Hawaii Surf and Sea 1981

by Robert Watts

“Resting hull-up, some forty feet of solid koa gleams in the dimly-lit interior, it has the look of a thoroughbred.  And that’s exactly what it is . . . an authentic, hand-hewn Hawaiian racing canoe.


Paddling…The same old strokes

Aloha Magazine 1982

By Cheryl Chee Tsutsumi

“There are very few today who possess the knowledge and skill required to build a seaworthy canoe.  One of them is Sonny Bradley, whom Hemmings aptly calls ‘the renaissance man’.  Revitalizing an art form conceived and perfected by the ancients, Bradley makes koa canoes of exquisite beauty.”

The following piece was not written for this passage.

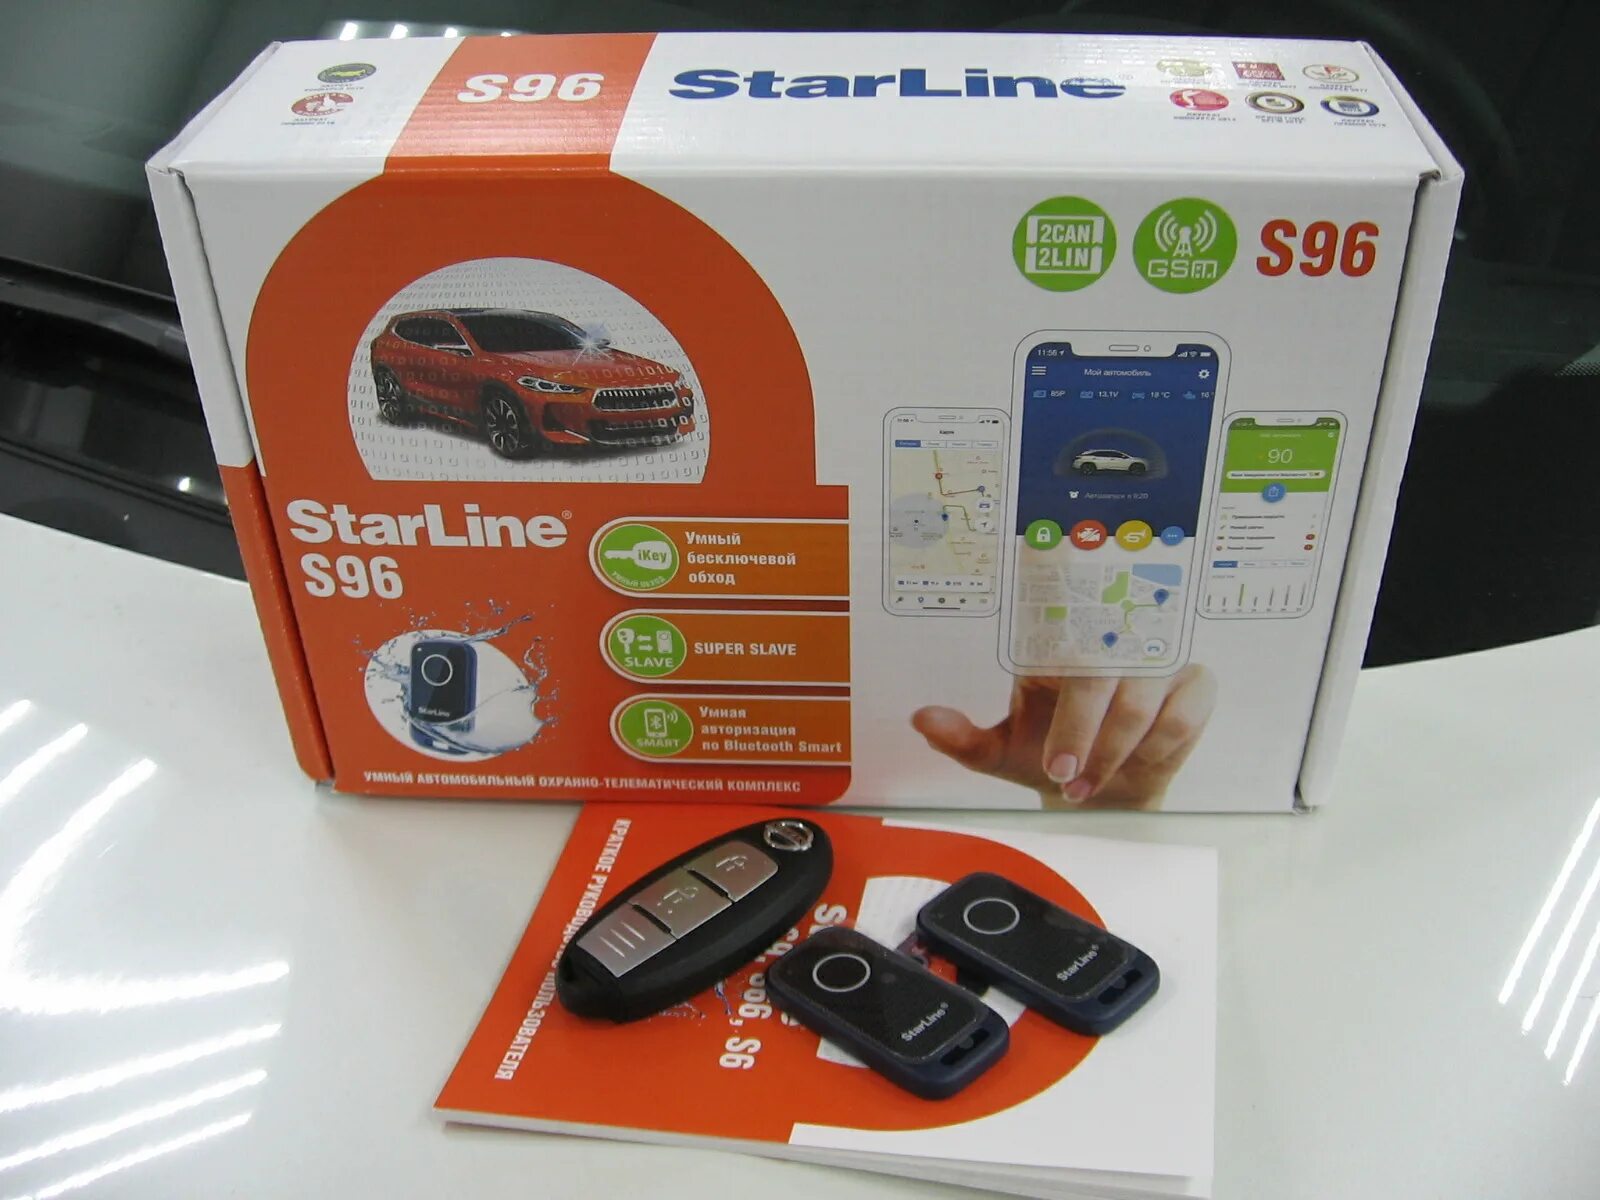 Старлайн е96 gsm. STARLINE s96 GSM комплектация. STARLINE s96 BT GSM комплектация. Автосигнализация STARLINE s96 GSM/GPS ver.2. STARLINE s96 v2 комплектация.

HCRA State Championship Regatta  August 1983

By Stephen K. Morse

“In his old and worn shop,  patched with tin roofing and scrap pieces, I found him working on one of the crown jewels of outrigger racing canoes  .   .   .  a magnificent koa racing canoe.”

“I wanted to see the sport grow,” said Bradley, “ and I wanted to take on the challenge of making a faster and better canoe.”      

Inside the Outrigger Canoe! 

Waikiki Visitor April 1983

As Fred Hemmings says, “The winning canoe depends a lot on the paddlers energy, will and strategy, but the canoe itself plays a major role. 

“Sonny’s racing canoes established itself as the fastest all around racing canoes on the ocean today.   Sonny Bradley represents the spirit of Hawaii. He is a Hawaiian treasure.”